Thursday, December 27, 2018


Writer/director Adam McKay's Vice is a look into the life and political career of Dick Cheney (Christian Bale). There are plenty of amusing moments which are bolstered by terrific performances by both Christian Bale and Amy Adams.

However, McKay takes a relatively safe approach here and the film fails to sink its teeth deep enough into the subject matter to elicit more than a handful of great moments. While not exactly toothless, the film lacks the bite and satirical wit to truly have fun with Dick Cheney's political career. It's too... nice. And it's not like McKay was lacking in material to pull from. Remember, Cheney once shot a man in the face and had the political power to make the victim apologize to him on national television.

By the end of the movie, McKay is able to put Cheney's vice presidency into historical context while cherry-picking diverting sequences to showcase along the way. That said, it's in the performances more so than the subject matter where Vice finds the most success. Along with Bale and Adams, Steve Carell and Sam Rockwell add some comic relief as Cheney's mentor Donald Rumsfeld and President George W. Bush.
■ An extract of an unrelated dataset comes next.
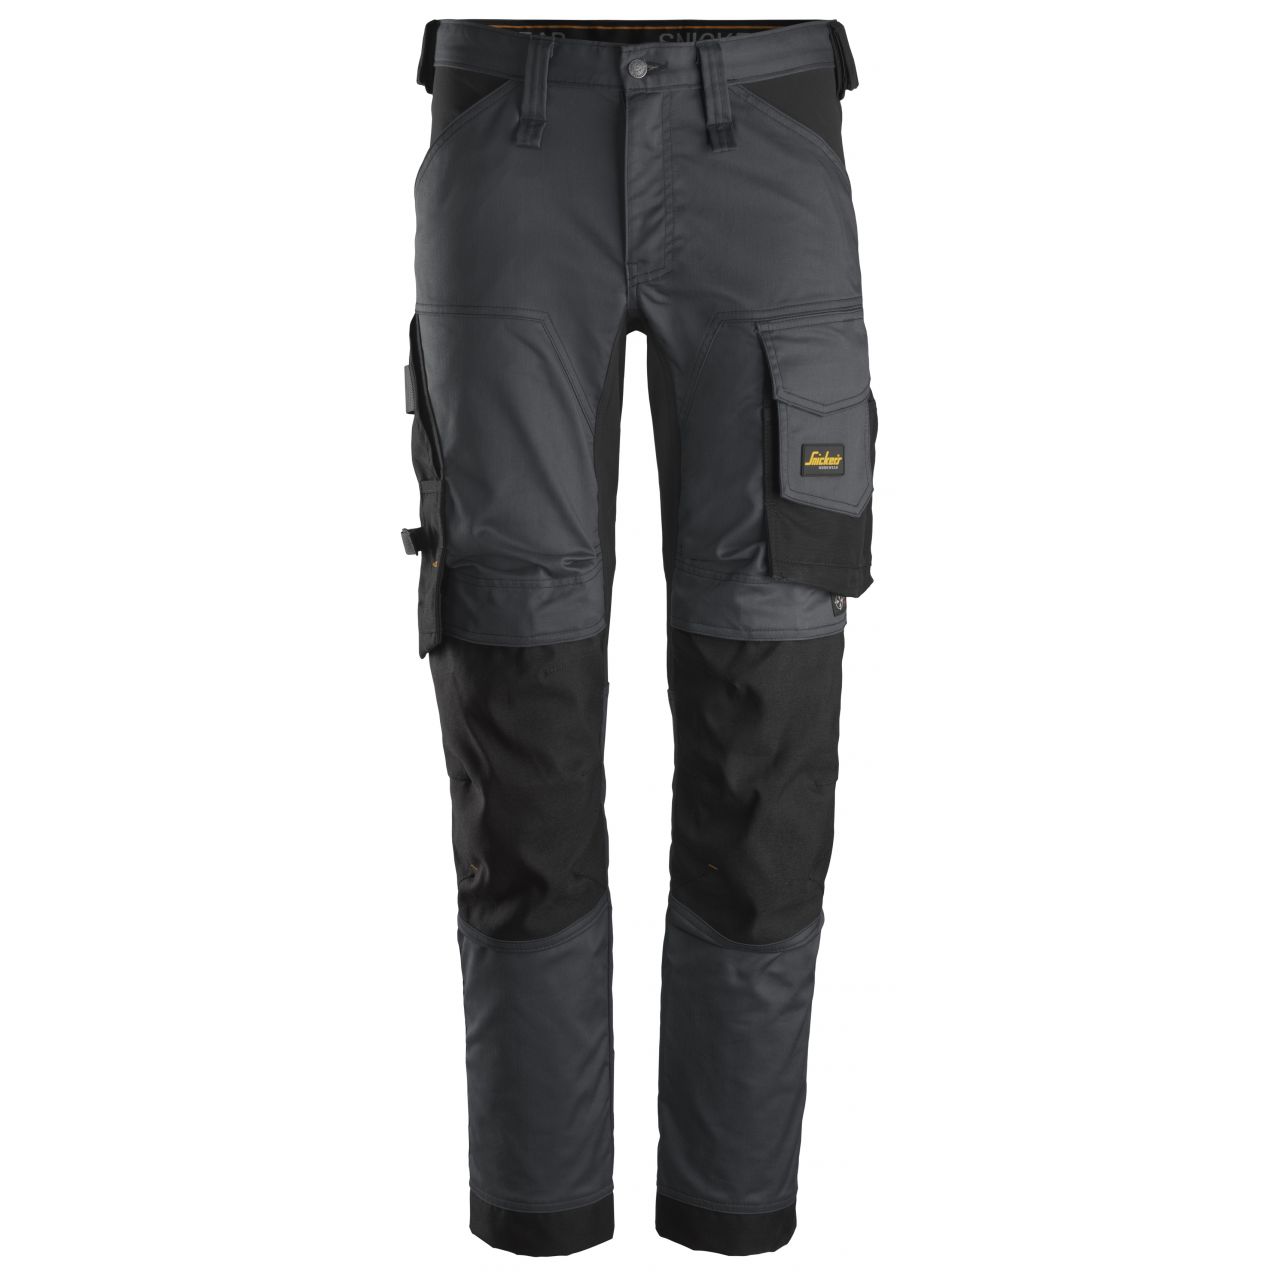 Pantalones elásticos AllroundWork Gris Acero-Negro talla 258

Neither as dark nor witty as it should be, much like Oliver Stone's W., Vice is only somewhat successful in exploring what makes Cheney tick. It succeeds at times, such as Cheney slow playing his acceptance of the Vice Presidential nominee to gain more power in the White House, but falters elsewhere concerning Cheney's familial relationships and exploring the man's internal drive. Pulling up as to not offend possible Republican viewers, the movie feels too much like a half-measure. Even if the film fails to swing for the fences, there is still plenty to enjoy here (especially for fans of Bale and Adams who provide two of the year's more memorable performances).